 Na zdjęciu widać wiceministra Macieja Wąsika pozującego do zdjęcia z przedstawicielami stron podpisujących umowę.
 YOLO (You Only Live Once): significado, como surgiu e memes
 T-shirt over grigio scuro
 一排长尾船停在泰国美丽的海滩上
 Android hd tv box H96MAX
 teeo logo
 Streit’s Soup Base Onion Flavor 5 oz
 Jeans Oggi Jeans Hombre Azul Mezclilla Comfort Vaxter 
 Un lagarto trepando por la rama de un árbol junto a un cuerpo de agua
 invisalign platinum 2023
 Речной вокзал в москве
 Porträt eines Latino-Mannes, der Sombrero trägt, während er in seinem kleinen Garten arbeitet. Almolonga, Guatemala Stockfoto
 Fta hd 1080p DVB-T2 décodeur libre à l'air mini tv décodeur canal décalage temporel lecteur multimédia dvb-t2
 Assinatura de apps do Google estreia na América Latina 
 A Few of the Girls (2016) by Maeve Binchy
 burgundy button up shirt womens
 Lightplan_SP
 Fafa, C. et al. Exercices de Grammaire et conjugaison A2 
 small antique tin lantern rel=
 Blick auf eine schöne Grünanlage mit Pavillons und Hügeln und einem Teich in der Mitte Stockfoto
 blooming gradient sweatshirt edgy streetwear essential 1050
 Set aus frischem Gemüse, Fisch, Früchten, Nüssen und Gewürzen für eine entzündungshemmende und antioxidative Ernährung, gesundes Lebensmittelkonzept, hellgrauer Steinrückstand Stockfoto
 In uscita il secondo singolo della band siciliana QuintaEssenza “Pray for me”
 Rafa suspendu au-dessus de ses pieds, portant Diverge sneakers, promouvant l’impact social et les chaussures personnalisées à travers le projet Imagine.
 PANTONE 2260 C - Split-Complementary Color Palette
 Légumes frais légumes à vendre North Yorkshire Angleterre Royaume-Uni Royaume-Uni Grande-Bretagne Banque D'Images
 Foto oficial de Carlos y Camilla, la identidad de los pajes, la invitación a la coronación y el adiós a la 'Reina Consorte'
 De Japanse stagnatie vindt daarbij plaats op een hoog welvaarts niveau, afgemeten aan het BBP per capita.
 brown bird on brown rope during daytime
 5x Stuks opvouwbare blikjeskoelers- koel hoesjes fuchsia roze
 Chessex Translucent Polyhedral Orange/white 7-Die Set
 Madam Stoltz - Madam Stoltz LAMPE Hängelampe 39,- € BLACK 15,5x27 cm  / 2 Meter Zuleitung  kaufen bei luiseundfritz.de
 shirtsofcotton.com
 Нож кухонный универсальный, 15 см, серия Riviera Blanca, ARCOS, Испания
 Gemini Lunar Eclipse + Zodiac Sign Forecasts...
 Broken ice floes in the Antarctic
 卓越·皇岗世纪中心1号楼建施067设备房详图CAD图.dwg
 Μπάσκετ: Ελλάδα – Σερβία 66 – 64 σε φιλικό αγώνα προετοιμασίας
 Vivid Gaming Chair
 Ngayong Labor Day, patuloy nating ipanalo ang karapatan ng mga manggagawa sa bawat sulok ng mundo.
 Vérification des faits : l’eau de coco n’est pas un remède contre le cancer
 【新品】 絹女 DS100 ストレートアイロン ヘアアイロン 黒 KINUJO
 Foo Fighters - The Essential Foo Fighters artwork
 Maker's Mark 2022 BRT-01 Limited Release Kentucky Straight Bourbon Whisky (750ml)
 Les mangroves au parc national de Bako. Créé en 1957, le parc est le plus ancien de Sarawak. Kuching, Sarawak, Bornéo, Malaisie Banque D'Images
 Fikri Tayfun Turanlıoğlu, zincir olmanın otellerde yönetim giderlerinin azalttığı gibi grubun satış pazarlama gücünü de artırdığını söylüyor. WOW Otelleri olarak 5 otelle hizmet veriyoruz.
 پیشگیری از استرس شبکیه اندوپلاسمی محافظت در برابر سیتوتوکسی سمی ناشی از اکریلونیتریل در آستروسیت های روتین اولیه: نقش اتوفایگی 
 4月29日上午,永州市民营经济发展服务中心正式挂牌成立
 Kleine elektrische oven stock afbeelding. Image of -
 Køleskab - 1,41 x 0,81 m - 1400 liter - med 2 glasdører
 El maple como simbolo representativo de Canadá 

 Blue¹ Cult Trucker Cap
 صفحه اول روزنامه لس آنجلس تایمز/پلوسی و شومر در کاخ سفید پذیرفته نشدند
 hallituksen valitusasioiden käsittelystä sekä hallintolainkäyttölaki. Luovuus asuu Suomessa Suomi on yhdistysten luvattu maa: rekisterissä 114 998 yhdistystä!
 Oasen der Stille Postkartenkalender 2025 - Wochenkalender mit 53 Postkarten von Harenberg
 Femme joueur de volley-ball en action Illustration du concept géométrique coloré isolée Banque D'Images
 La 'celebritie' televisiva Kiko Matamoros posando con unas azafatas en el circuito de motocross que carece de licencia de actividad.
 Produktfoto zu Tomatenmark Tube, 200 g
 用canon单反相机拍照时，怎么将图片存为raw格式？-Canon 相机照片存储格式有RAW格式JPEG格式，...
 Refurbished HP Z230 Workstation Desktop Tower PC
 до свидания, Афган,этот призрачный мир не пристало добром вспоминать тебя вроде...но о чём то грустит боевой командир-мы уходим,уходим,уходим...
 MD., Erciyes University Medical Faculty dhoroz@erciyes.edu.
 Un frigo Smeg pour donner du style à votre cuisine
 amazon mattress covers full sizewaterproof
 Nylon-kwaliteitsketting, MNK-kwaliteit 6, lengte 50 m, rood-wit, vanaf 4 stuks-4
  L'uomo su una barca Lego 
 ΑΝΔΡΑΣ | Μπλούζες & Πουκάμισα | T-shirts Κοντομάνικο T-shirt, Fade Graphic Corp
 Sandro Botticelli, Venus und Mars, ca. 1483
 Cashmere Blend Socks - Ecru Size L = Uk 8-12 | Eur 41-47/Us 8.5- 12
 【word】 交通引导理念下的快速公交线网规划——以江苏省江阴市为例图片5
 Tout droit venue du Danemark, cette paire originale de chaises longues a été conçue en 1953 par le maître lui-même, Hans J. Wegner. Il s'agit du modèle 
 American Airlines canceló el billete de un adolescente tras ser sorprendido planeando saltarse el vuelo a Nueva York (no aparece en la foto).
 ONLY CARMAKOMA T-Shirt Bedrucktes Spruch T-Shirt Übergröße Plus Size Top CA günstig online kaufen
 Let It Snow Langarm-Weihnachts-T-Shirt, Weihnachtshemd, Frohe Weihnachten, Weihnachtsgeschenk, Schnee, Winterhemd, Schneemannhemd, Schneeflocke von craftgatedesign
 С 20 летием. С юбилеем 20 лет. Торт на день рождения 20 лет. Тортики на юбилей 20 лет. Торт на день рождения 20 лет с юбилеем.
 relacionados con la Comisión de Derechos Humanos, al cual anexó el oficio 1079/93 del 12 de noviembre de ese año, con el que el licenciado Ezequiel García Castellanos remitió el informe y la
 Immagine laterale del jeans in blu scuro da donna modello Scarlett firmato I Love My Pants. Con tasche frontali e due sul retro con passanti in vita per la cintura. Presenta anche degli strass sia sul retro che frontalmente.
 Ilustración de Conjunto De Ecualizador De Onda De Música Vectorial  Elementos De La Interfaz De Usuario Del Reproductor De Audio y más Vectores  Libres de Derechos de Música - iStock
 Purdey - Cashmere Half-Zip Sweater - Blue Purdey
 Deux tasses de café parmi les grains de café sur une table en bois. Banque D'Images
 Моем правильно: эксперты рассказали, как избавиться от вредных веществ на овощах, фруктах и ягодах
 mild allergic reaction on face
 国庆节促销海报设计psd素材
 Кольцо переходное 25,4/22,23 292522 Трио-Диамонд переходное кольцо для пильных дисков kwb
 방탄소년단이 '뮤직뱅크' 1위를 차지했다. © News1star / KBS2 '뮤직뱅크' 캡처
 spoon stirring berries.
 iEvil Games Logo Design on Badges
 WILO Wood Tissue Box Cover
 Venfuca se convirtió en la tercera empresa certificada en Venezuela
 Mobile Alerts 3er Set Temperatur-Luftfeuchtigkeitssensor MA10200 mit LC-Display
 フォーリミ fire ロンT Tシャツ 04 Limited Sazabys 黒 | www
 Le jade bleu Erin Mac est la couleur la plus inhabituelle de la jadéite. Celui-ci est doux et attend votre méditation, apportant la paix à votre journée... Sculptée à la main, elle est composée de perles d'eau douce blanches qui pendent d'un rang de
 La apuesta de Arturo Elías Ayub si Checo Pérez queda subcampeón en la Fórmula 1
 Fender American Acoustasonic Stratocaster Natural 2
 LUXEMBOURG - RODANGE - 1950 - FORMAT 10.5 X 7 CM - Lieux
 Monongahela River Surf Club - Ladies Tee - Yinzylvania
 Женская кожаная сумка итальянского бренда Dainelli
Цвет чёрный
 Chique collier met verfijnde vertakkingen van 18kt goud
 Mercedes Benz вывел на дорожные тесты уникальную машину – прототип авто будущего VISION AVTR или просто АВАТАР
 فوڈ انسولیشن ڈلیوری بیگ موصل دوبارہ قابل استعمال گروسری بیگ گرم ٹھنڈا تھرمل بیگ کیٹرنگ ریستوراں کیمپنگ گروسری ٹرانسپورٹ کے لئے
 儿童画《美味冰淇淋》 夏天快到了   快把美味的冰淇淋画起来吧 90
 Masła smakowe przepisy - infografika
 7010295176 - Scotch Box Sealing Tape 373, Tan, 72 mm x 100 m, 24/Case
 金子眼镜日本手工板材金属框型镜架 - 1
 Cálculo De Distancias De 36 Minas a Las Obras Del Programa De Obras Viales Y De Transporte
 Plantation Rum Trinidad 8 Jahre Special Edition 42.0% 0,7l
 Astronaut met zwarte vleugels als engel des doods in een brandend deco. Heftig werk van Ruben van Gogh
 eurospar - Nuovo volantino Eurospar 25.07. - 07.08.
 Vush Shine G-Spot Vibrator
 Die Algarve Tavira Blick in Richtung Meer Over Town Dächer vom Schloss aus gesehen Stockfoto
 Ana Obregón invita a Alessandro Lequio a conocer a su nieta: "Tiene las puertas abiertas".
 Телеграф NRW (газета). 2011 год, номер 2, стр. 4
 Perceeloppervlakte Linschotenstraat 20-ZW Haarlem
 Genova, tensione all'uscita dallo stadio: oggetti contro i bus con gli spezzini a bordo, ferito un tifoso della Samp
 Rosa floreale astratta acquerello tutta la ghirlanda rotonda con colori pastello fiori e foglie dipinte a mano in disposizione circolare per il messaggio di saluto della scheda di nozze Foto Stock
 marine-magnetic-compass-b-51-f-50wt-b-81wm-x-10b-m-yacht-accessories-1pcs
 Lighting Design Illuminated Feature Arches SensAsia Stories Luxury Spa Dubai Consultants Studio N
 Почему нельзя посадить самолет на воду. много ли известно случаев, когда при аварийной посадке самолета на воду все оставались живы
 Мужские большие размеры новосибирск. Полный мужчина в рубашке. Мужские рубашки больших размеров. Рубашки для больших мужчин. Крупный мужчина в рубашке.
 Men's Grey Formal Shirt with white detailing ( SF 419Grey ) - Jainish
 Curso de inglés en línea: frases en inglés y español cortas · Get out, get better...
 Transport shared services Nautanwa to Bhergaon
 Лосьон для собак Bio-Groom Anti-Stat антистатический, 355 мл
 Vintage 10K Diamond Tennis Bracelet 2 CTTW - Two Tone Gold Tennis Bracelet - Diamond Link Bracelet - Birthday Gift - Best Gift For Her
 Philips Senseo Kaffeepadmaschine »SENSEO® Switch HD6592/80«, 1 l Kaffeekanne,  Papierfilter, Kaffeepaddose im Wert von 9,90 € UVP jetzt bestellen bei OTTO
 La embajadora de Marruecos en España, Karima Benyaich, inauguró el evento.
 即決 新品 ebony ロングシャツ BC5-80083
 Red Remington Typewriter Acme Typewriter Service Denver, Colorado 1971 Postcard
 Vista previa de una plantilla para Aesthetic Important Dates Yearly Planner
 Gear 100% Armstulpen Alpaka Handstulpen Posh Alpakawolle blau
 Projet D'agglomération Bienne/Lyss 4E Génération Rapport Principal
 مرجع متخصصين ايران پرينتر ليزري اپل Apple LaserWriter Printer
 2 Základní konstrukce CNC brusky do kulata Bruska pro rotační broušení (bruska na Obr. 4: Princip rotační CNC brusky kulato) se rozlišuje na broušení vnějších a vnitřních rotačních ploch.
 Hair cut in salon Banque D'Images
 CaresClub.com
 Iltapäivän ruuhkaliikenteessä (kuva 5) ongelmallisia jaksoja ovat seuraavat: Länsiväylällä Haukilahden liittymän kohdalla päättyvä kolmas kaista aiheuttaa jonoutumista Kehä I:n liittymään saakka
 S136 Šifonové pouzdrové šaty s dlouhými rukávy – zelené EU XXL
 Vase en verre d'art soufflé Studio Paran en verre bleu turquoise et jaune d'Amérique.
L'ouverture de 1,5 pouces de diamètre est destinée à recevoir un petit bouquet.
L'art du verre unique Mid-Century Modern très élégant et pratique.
##########
● ASSIGNMENT: Repeat exactly the lines of the data from the first one through the line with "Fta hd 1080p", both of them included.

● TASK SOLUTION:
 Na zdjęciu widać wiceministra Macieja Wąsika pozującego do zdjęcia z przedstawicielami stron podpisujących umowę.
 YOLO (You Only Live Once): significado, como surgiu e memes
 T-shirt over grigio scuro
 一排长尾船停在泰国美丽的海滩上
 Android hd tv box H96MAX
 teeo logo
 Streit’s Soup Base Onion Flavor 5 oz
 Jeans Oggi Jeans Hombre Azul Mezclilla Comfort Vaxter 
 Un lagarto trepando por la rama de un árbol junto a un cuerpo de agua
 invisalign platinum 2023
 Речной вокзал в москве
 Porträt eines Latino-Mannes, der Sombrero trägt, während er in seinem kleinen Garten arbeitet. Almolonga, Guatemala Stockfoto
 Fta hd 1080p DVB-T2 décodeur libre à l'air mini tv décodeur canal décalage temporel lecteur multimédia dvb-t2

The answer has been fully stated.